Work instructions: The required output is the lines from the one with "Thinking smiley clipart" through the end of the data, repeated verbatim, with no pictures included.

Source material:
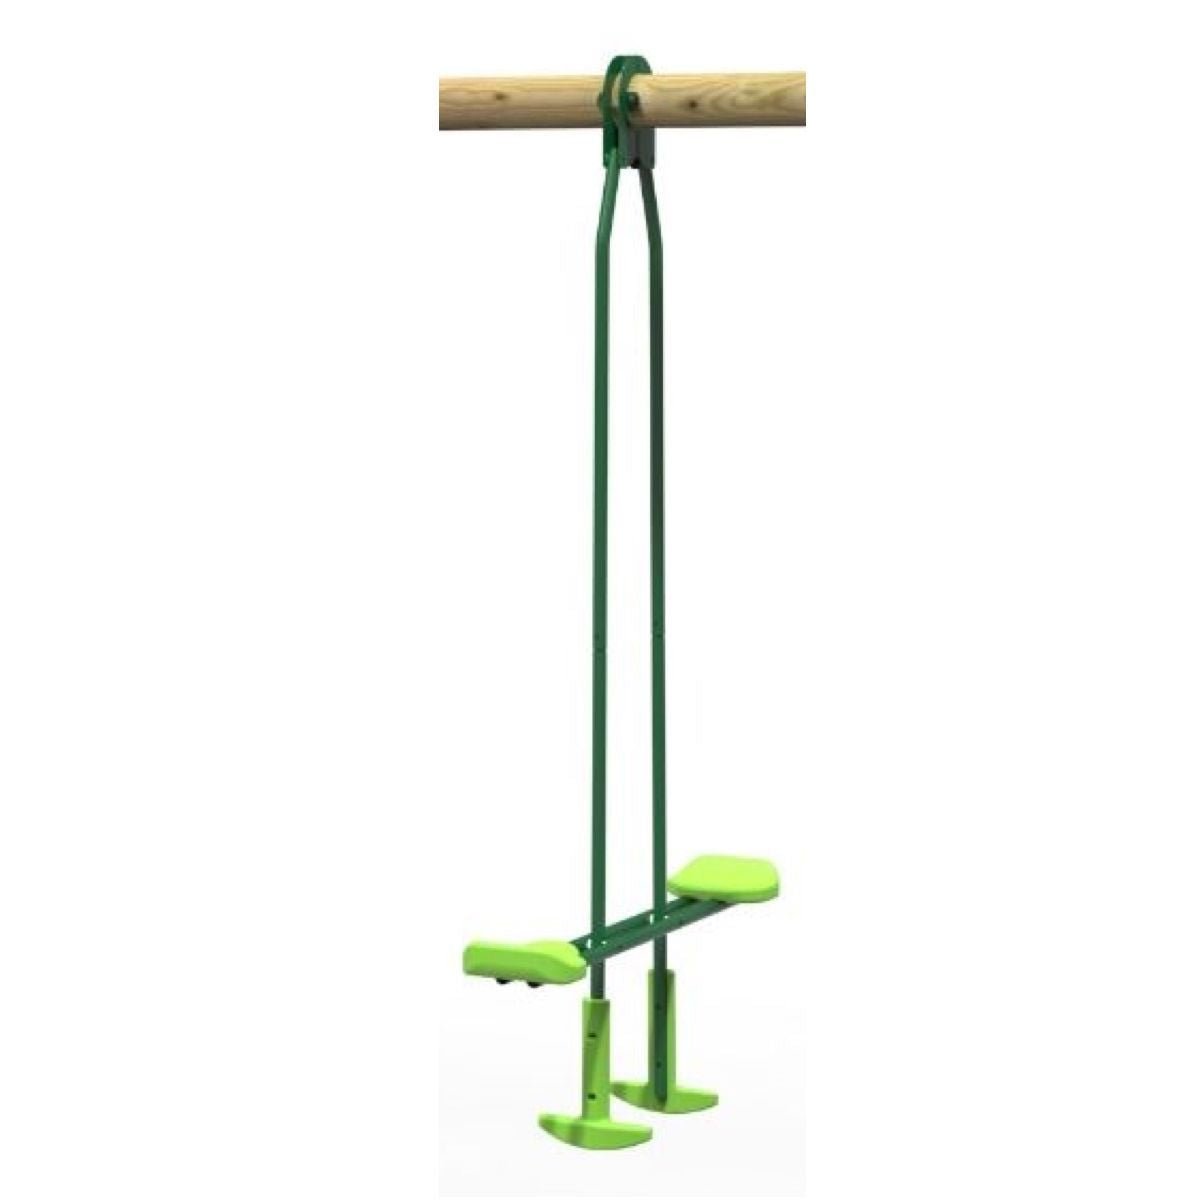 Rebo 2 Person Glider to fit Rebo Round Wood Swing Frames Only - Green
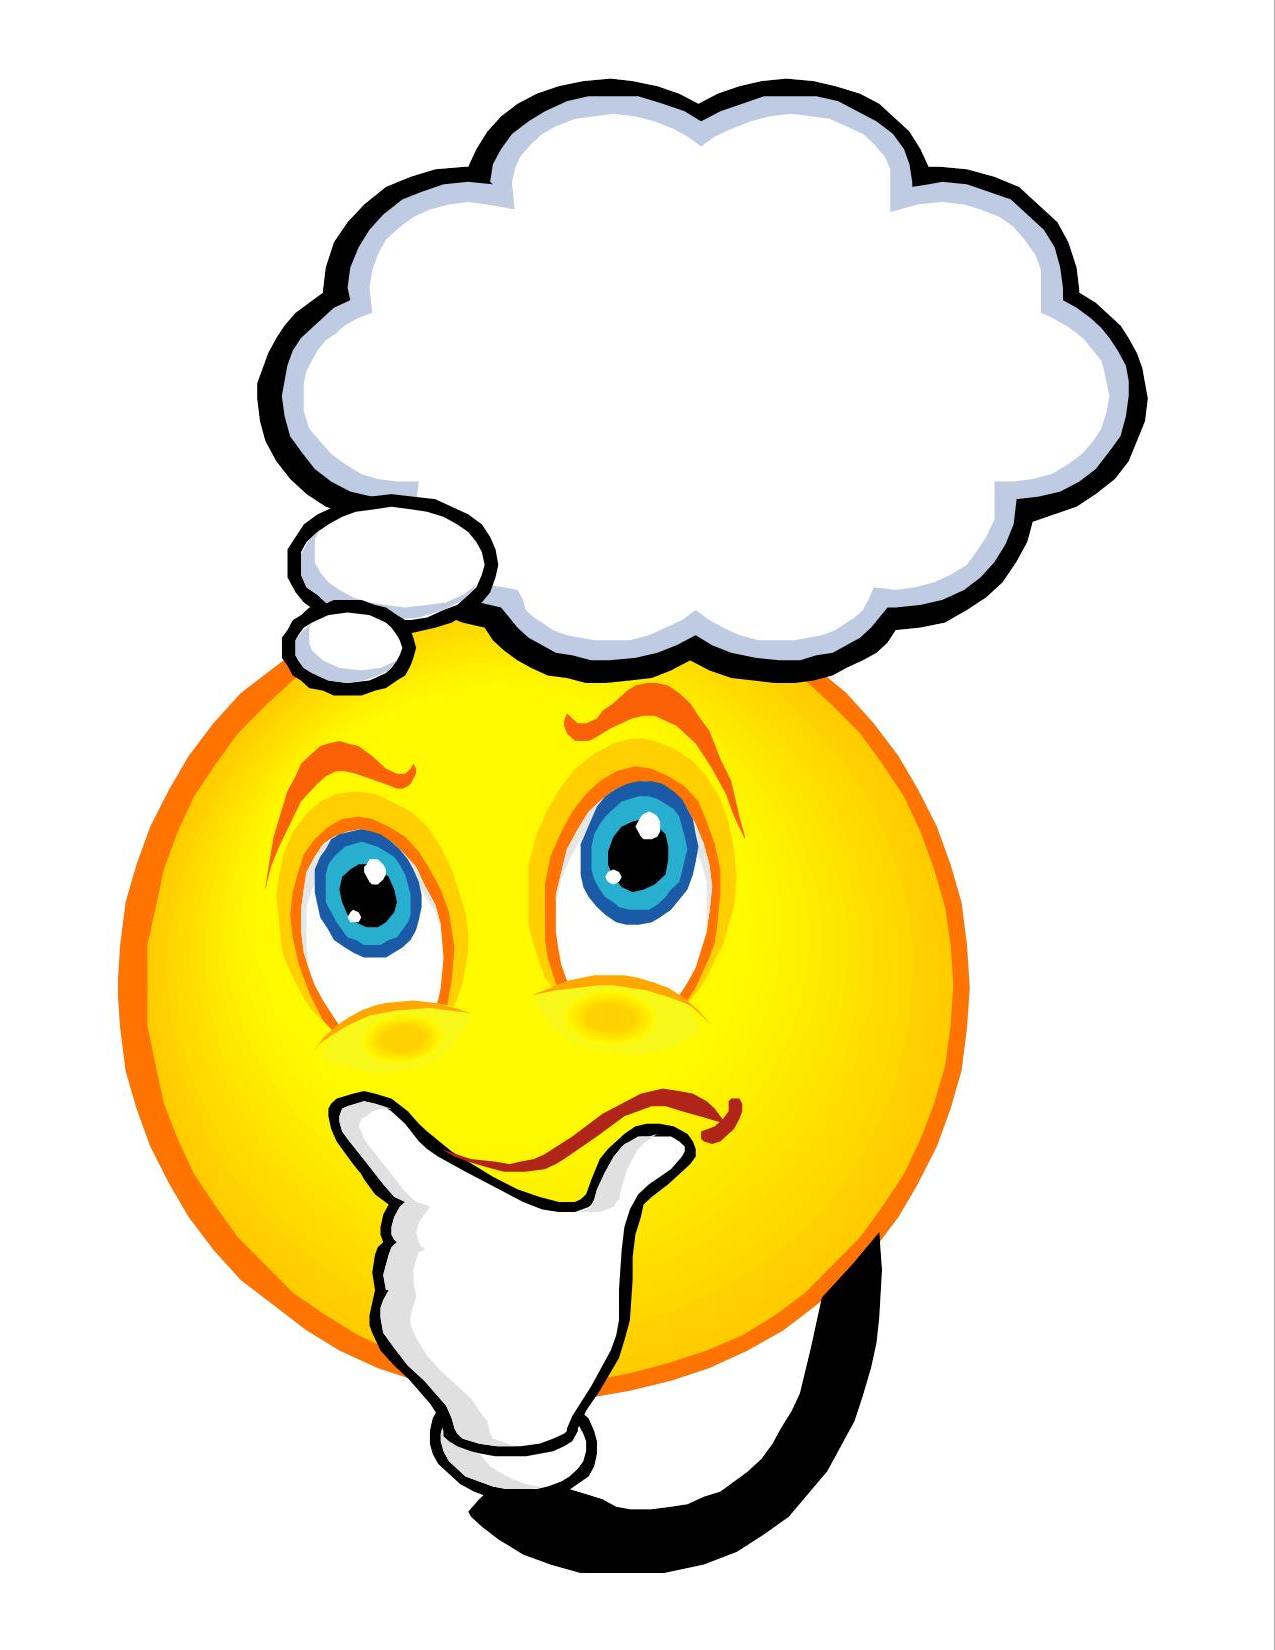 Thinking smiley clipart
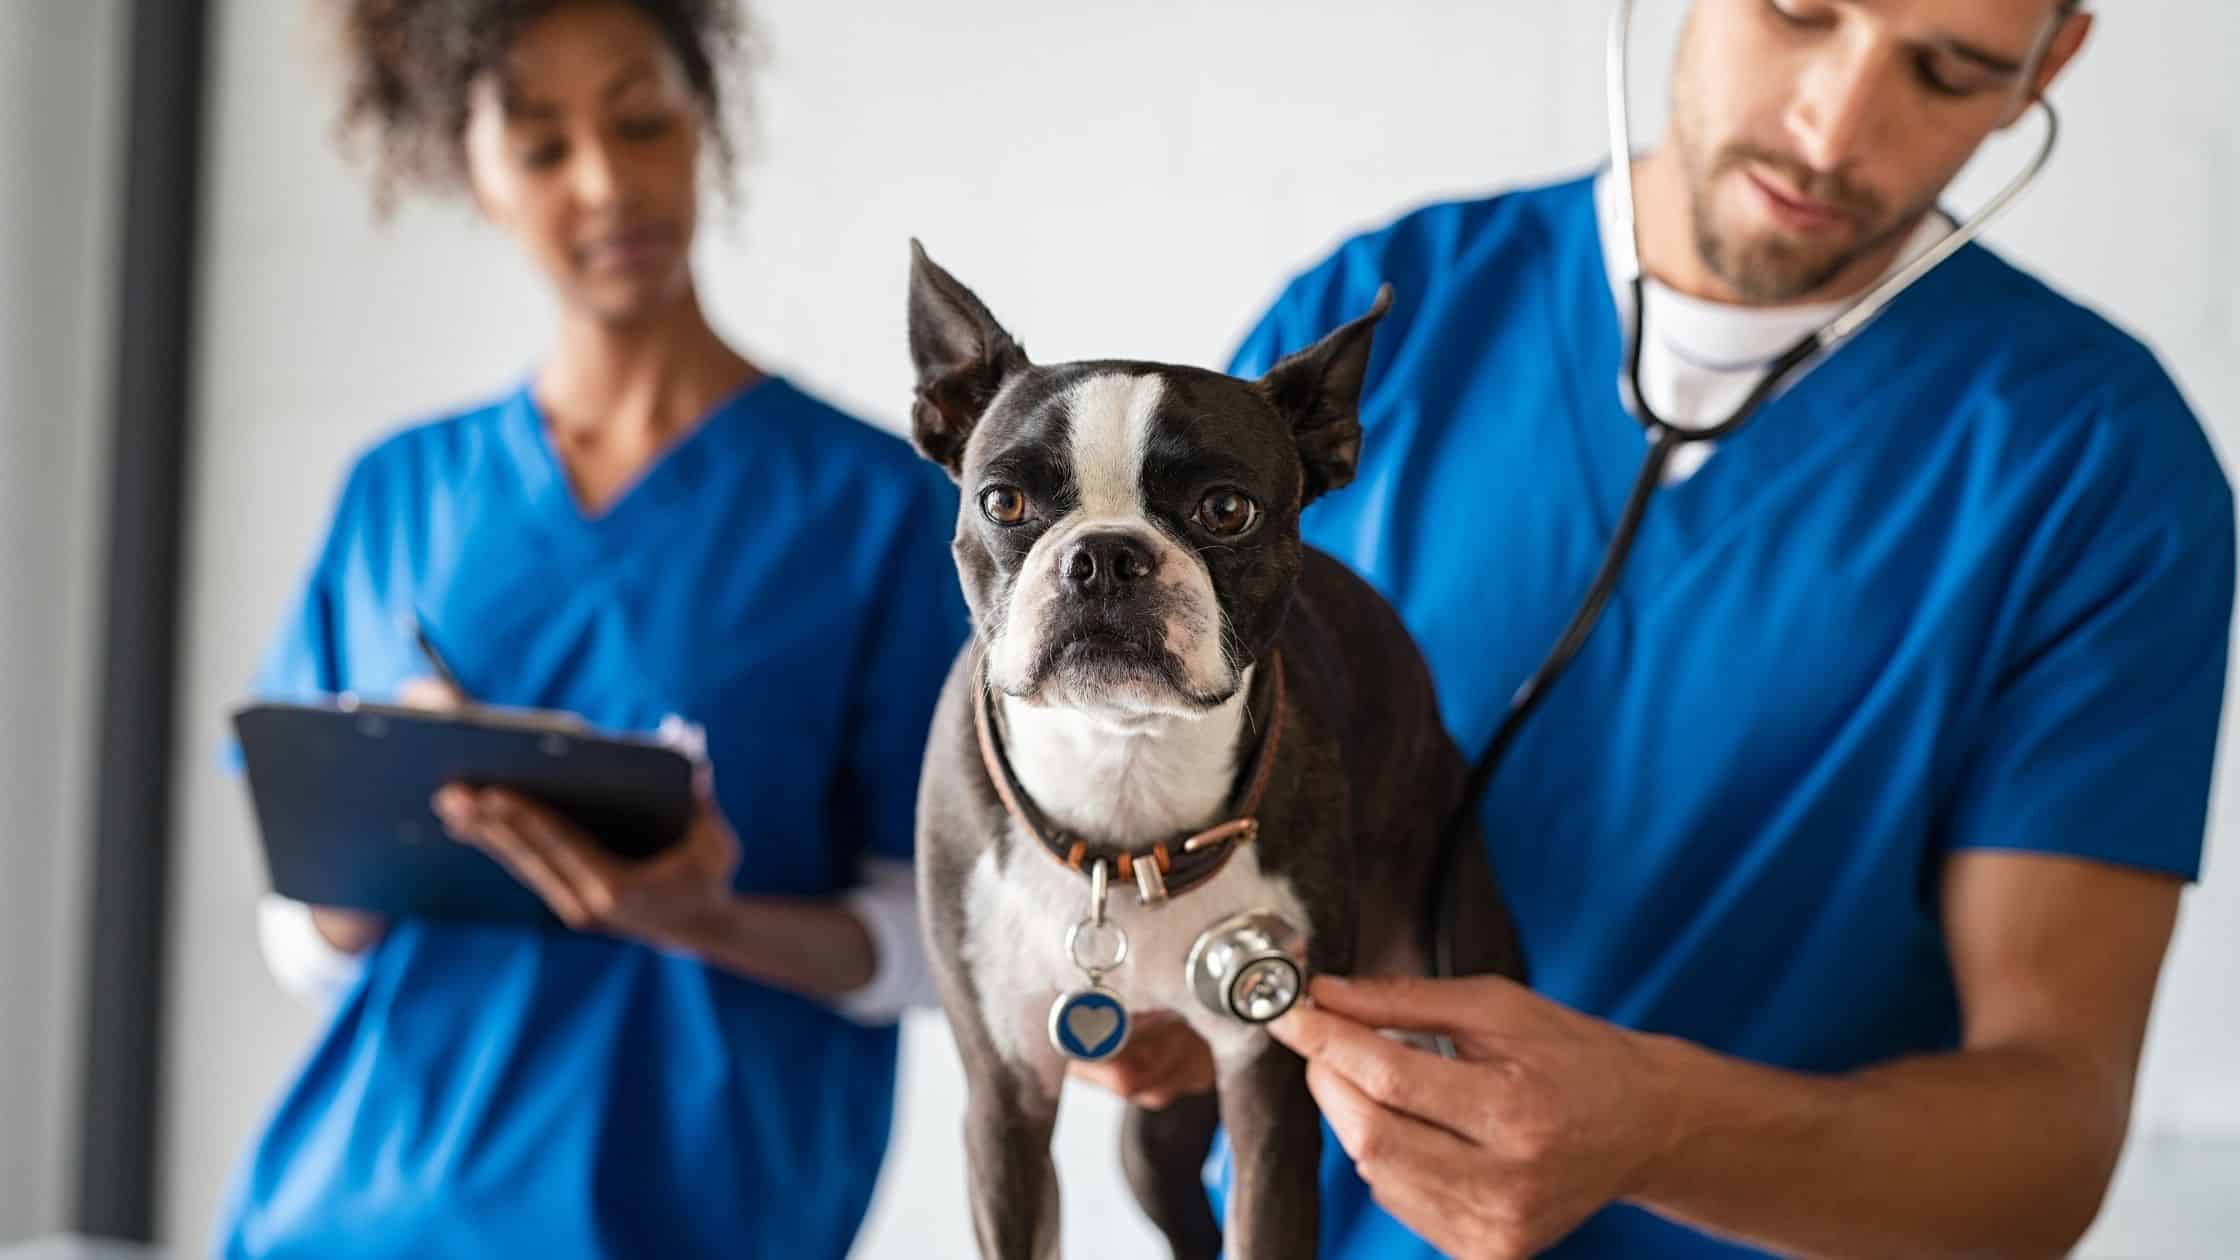 Questions you should ask on your vet visit regarding dogs

Exercise solution:
 Thinking smiley clipart
 Questions you should ask on your vet visit regarding dogs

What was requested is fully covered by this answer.